* [WHAT NEEDS TO BE DONE]: Give back exactly the lines of the material below that start at the one holding "Leeds signage manufacturer" and end at the last line, minus the pictures.

* [EXERCISE DATA]:
____
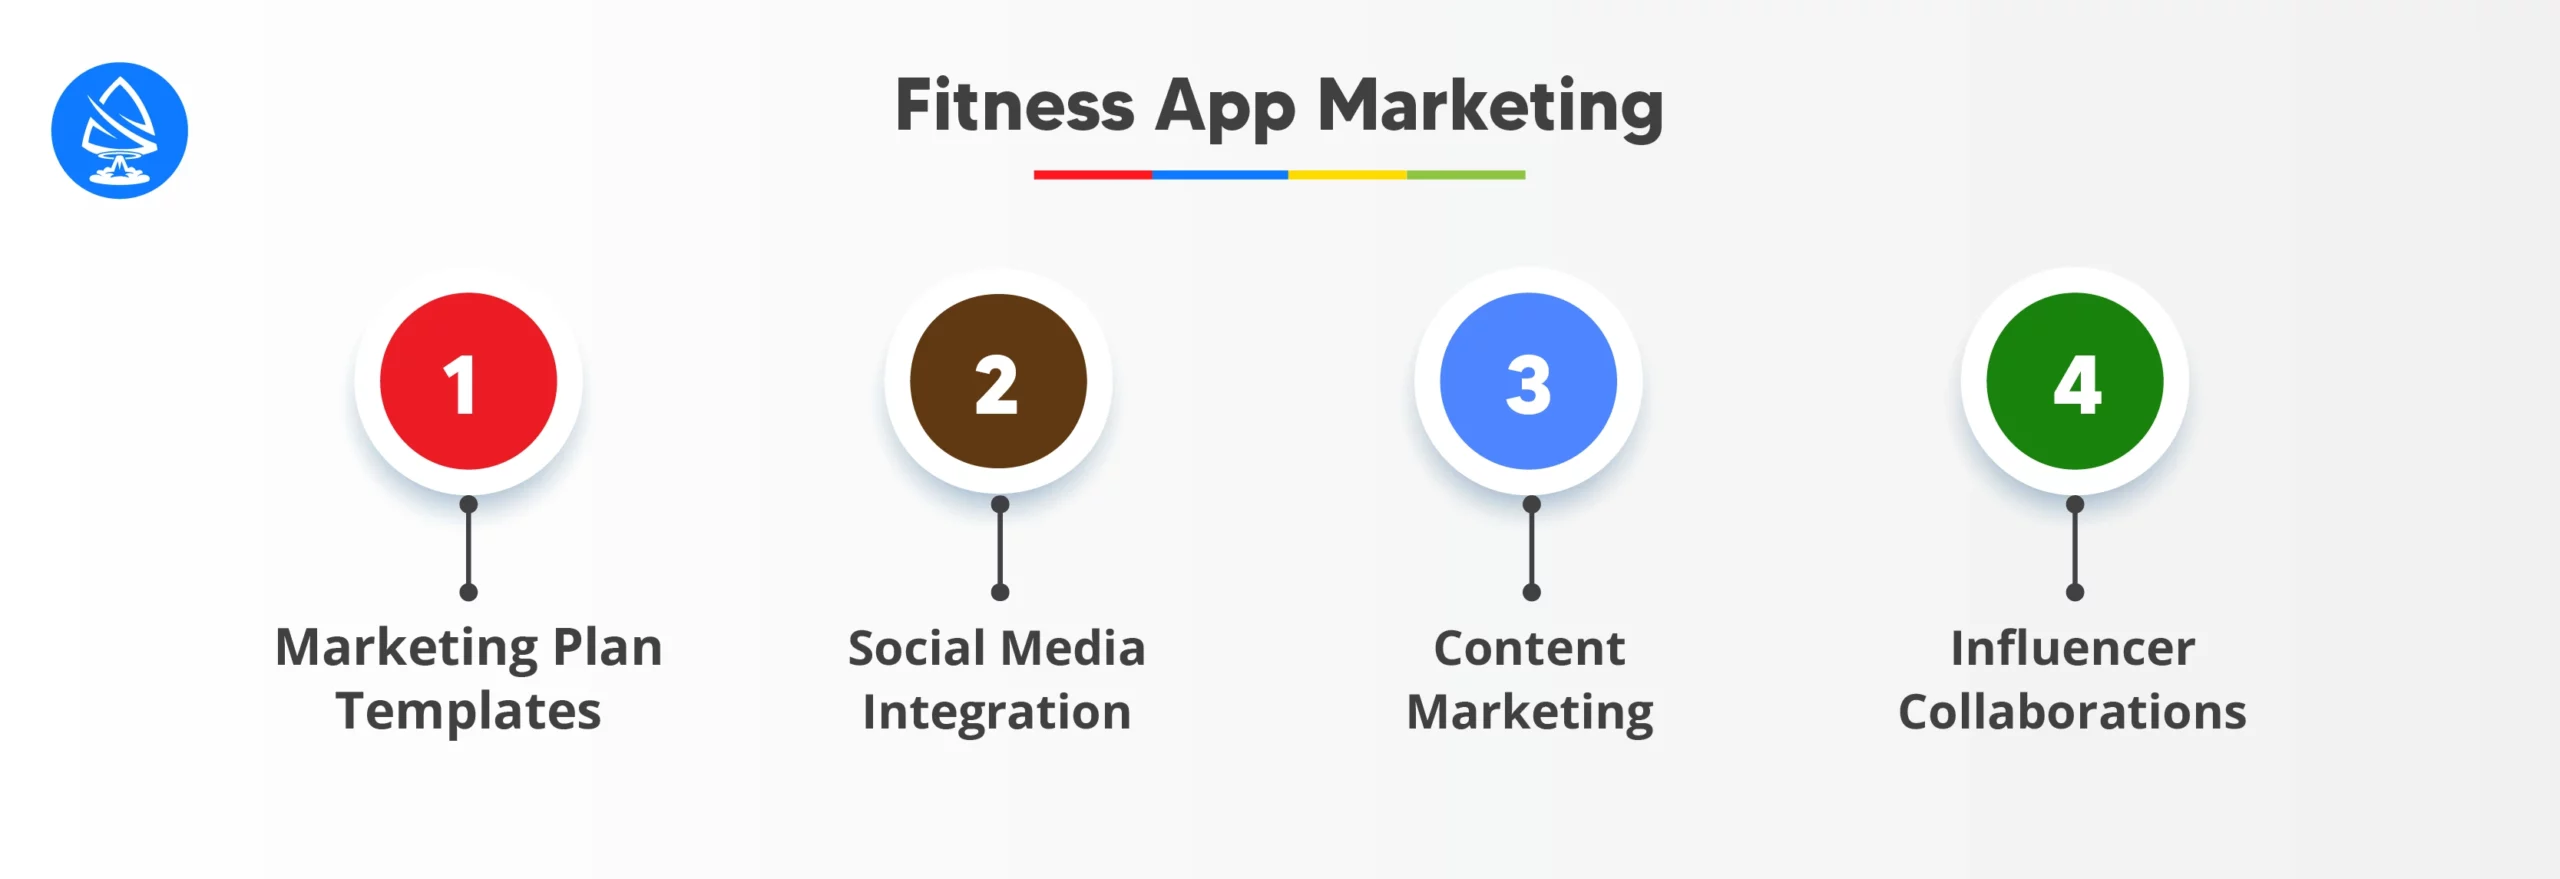 Fitness App Marketing
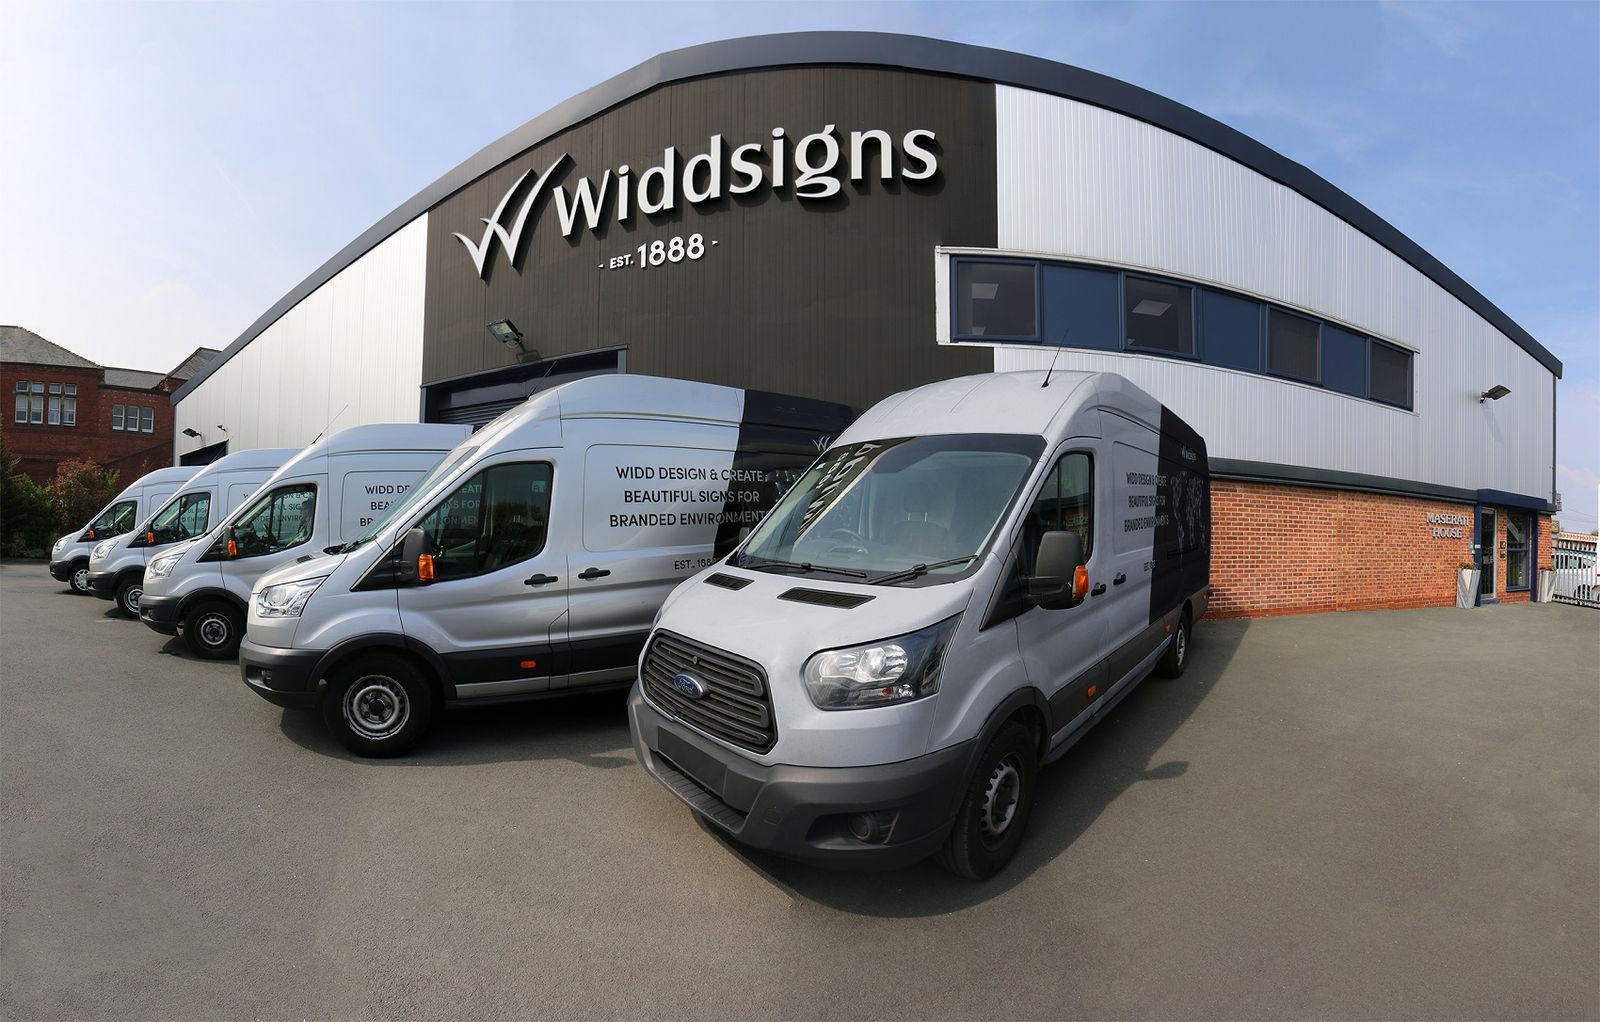 Leeds signage manufacturer acquires North West business
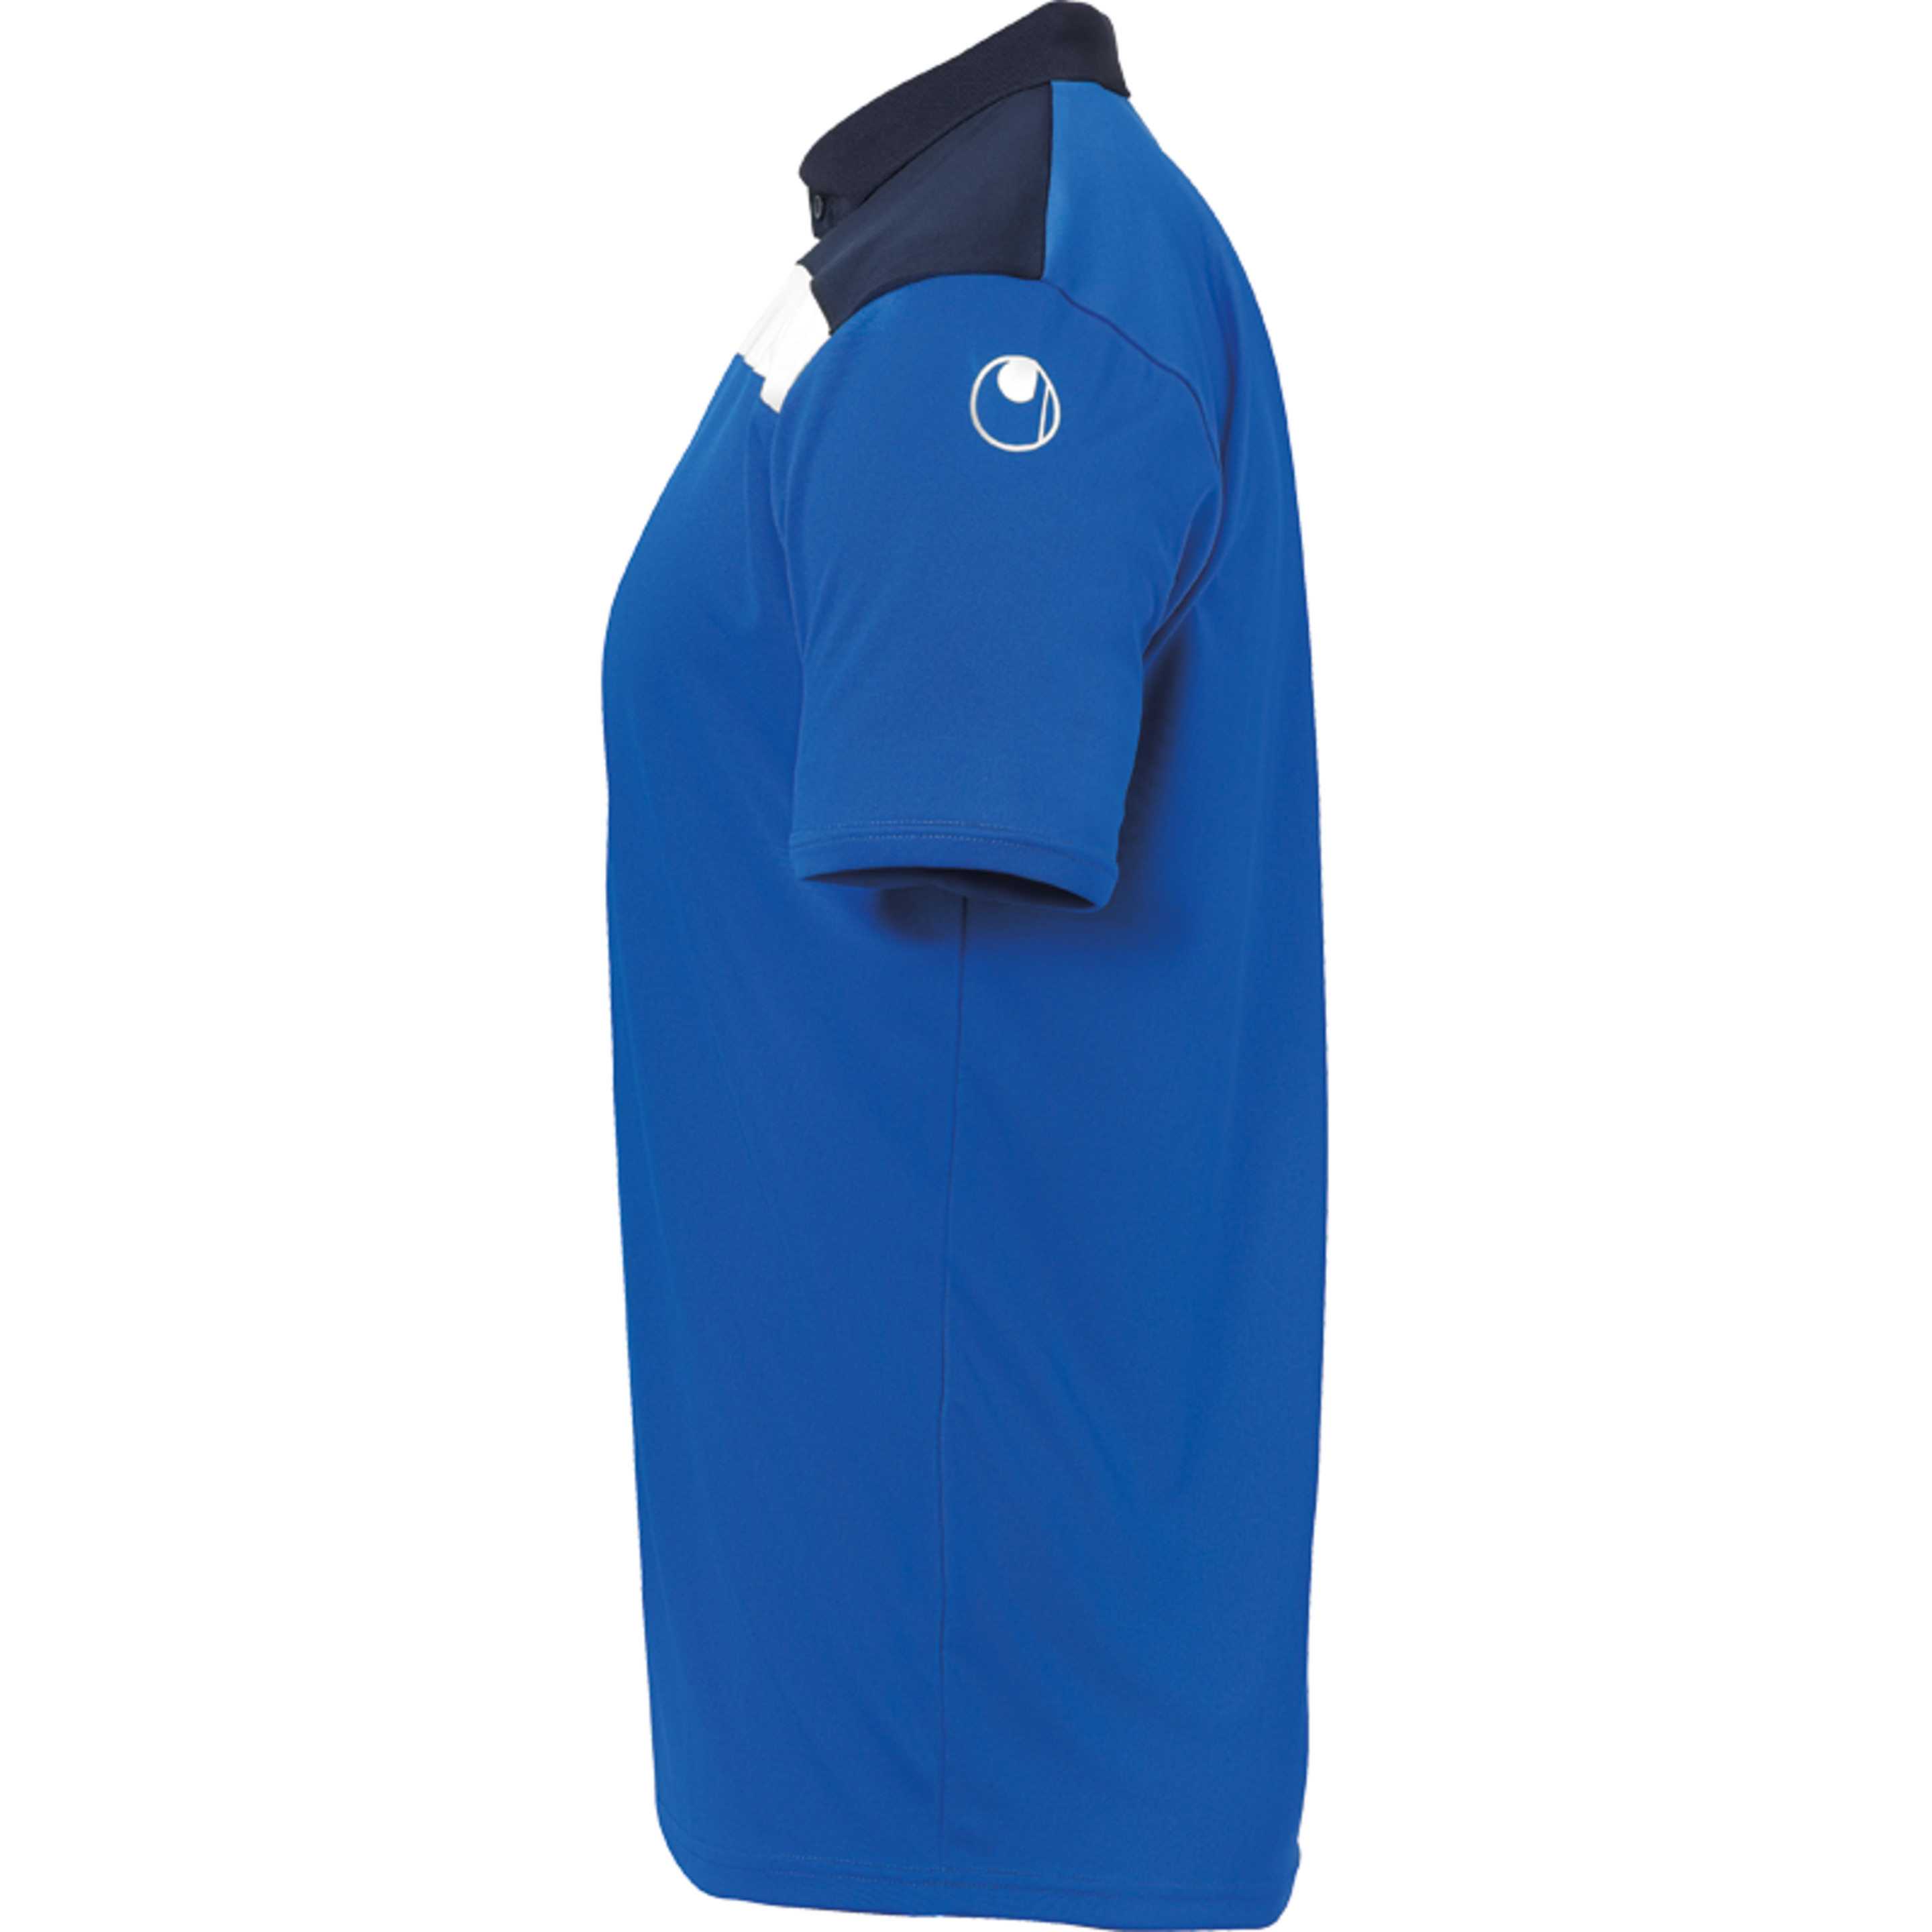 Offense 23 Polo Shirt Azur/azul Marino/blanco Uhlsport
____
* [SOLVED EXERCISE]:
 Leeds signage manufacturer acquires North West business
 Offense 23 Polo Shirt Azur/azul Marino/blanco Uhlsport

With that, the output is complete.